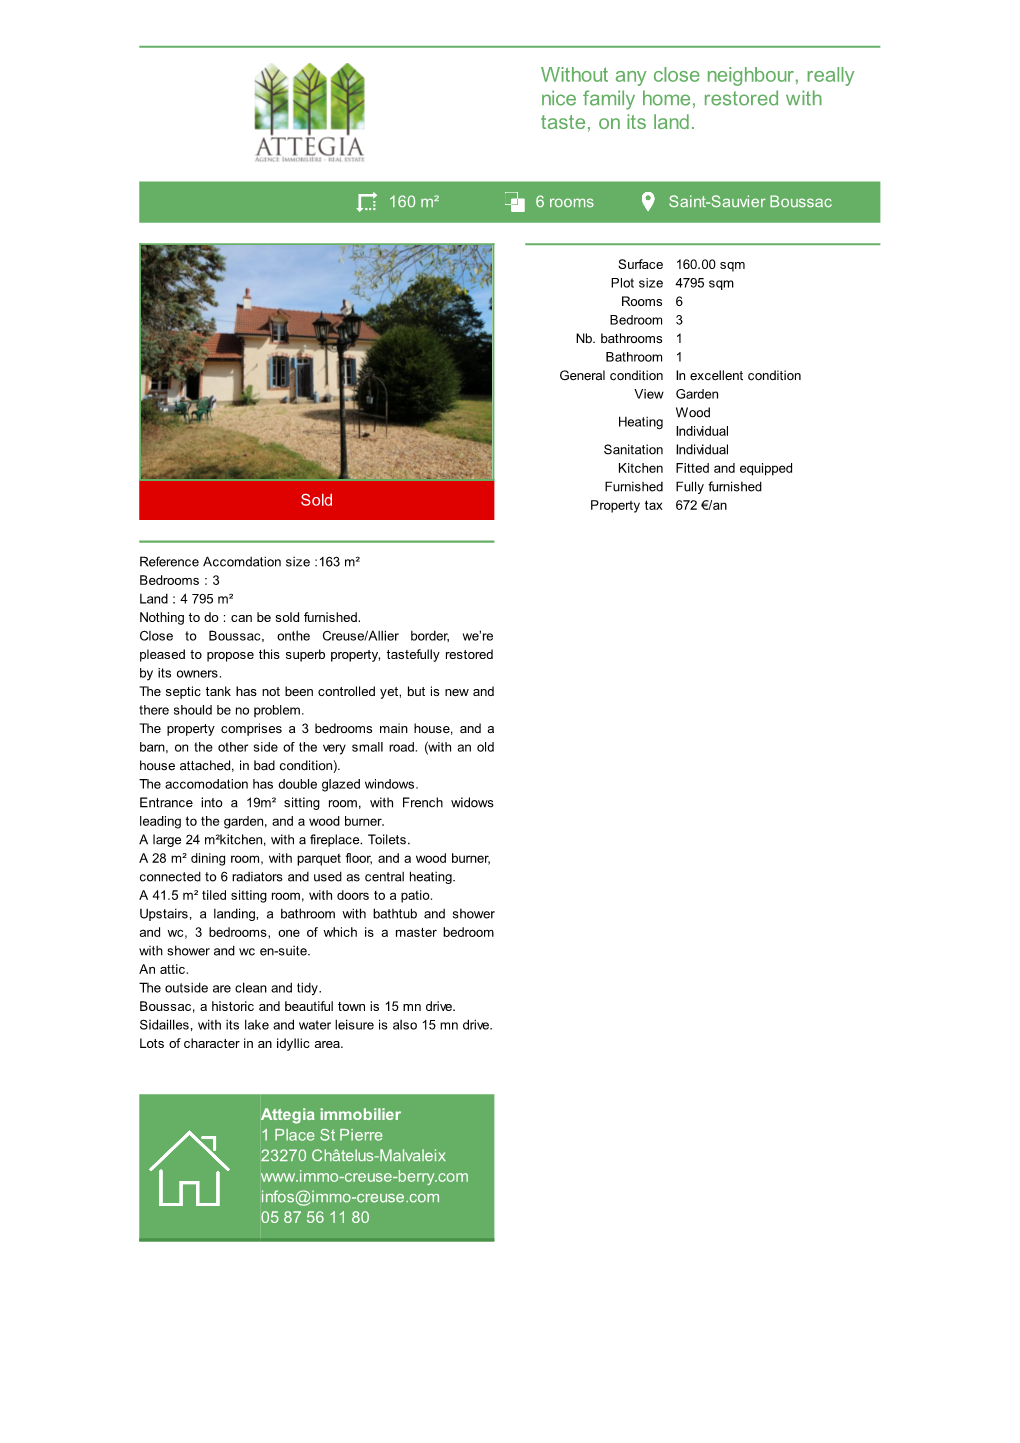 House Detached for Sale Saint-Sauvier Boussac Attegia Immobilier
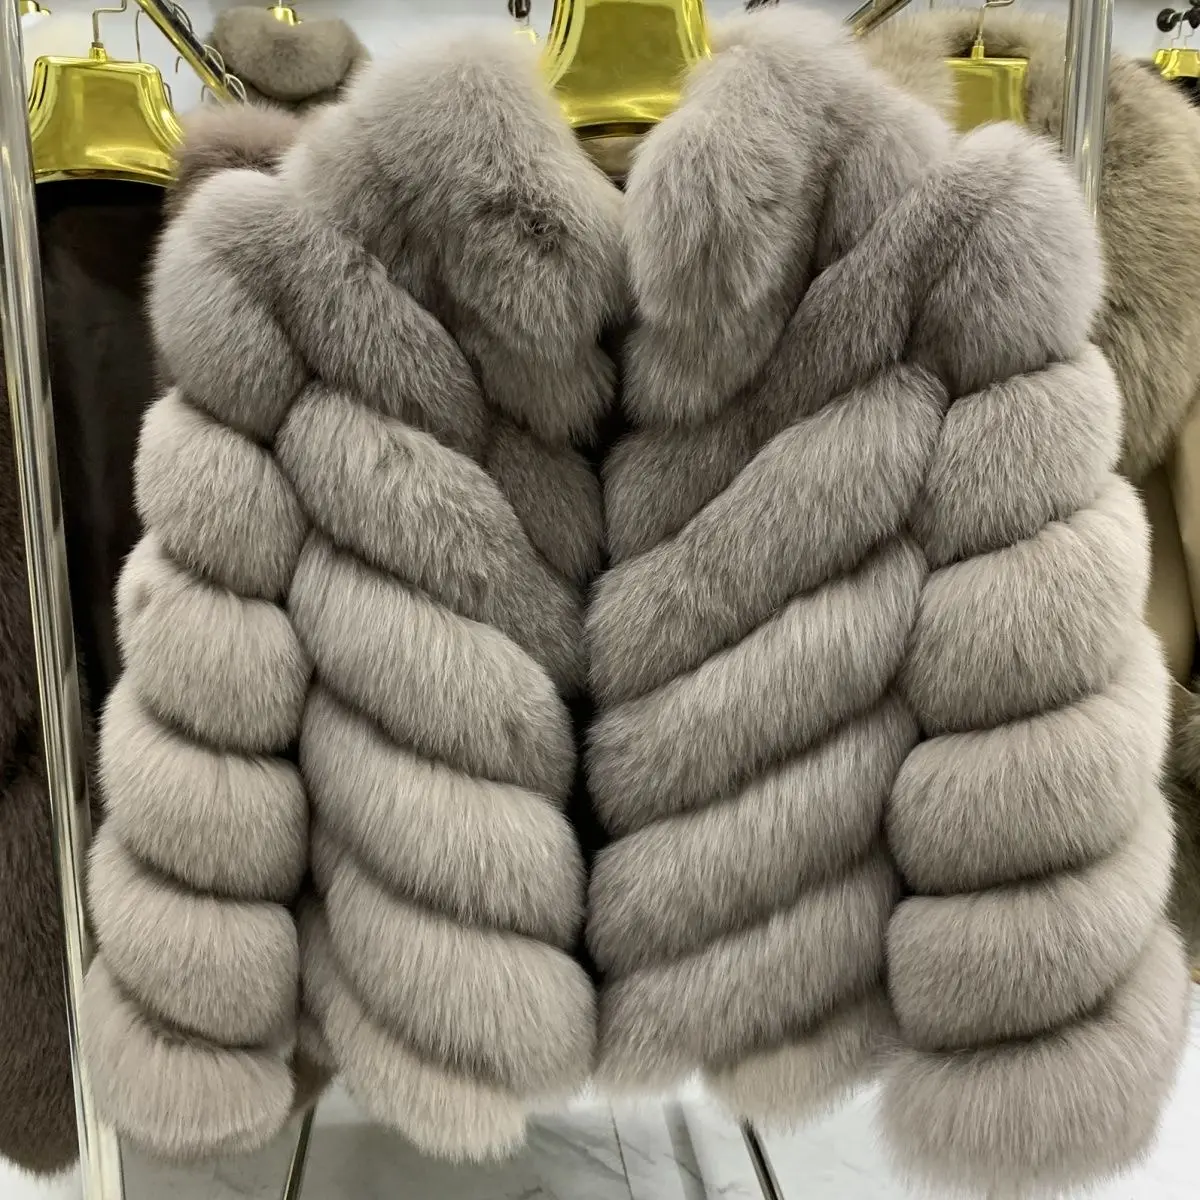 겨울 신상품 의류 따뜻한 럭셔리 모피 푹신한 모피 재킷 여성용 모피 코트 여성 코트 의류
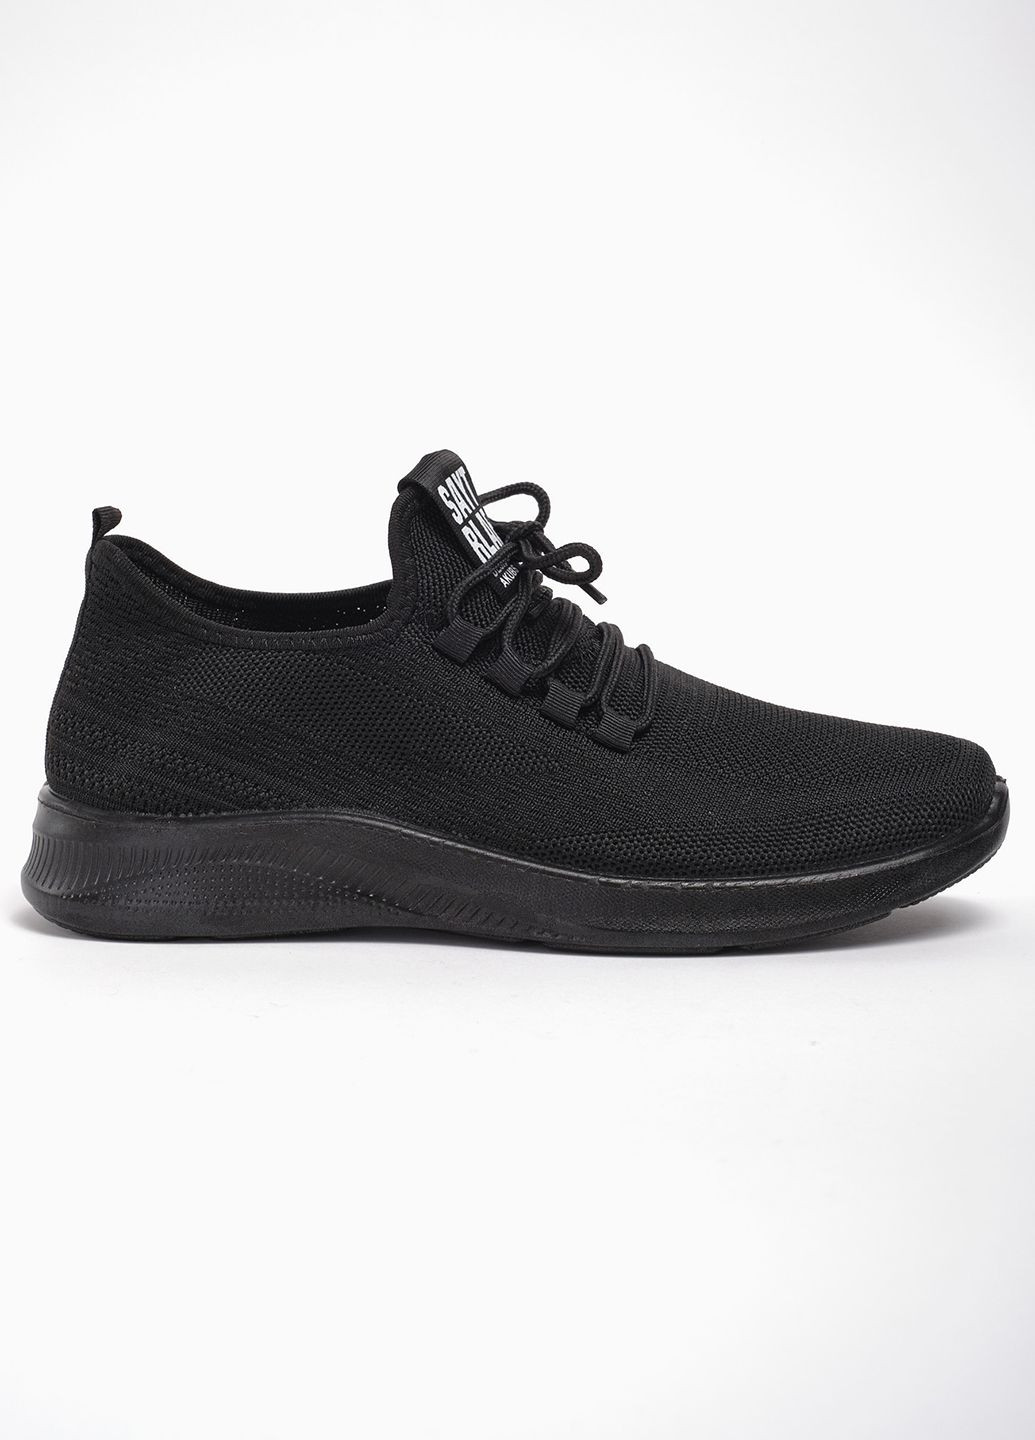 Черные летние кроссовки спорт m06-1 текстиль черный норма 342821 Power

━━━━━━━━━━━━━━━━

PROMPT ▸
The lines from the one containing "겨울 신상품 의류 따뜻한" through the end of the data above are to be copied exactly, both ends included, and pictures are to be omitted.

TASK SOLUTION ▸
 겨울 신상품 의류 따뜻한 럭셔리 모피 푹신한 모피 재킷 여성용 모피 코트 여성 코트 의류
 Черные летние кроссовки спорт m06-1 текстиль черный норма 342821 Power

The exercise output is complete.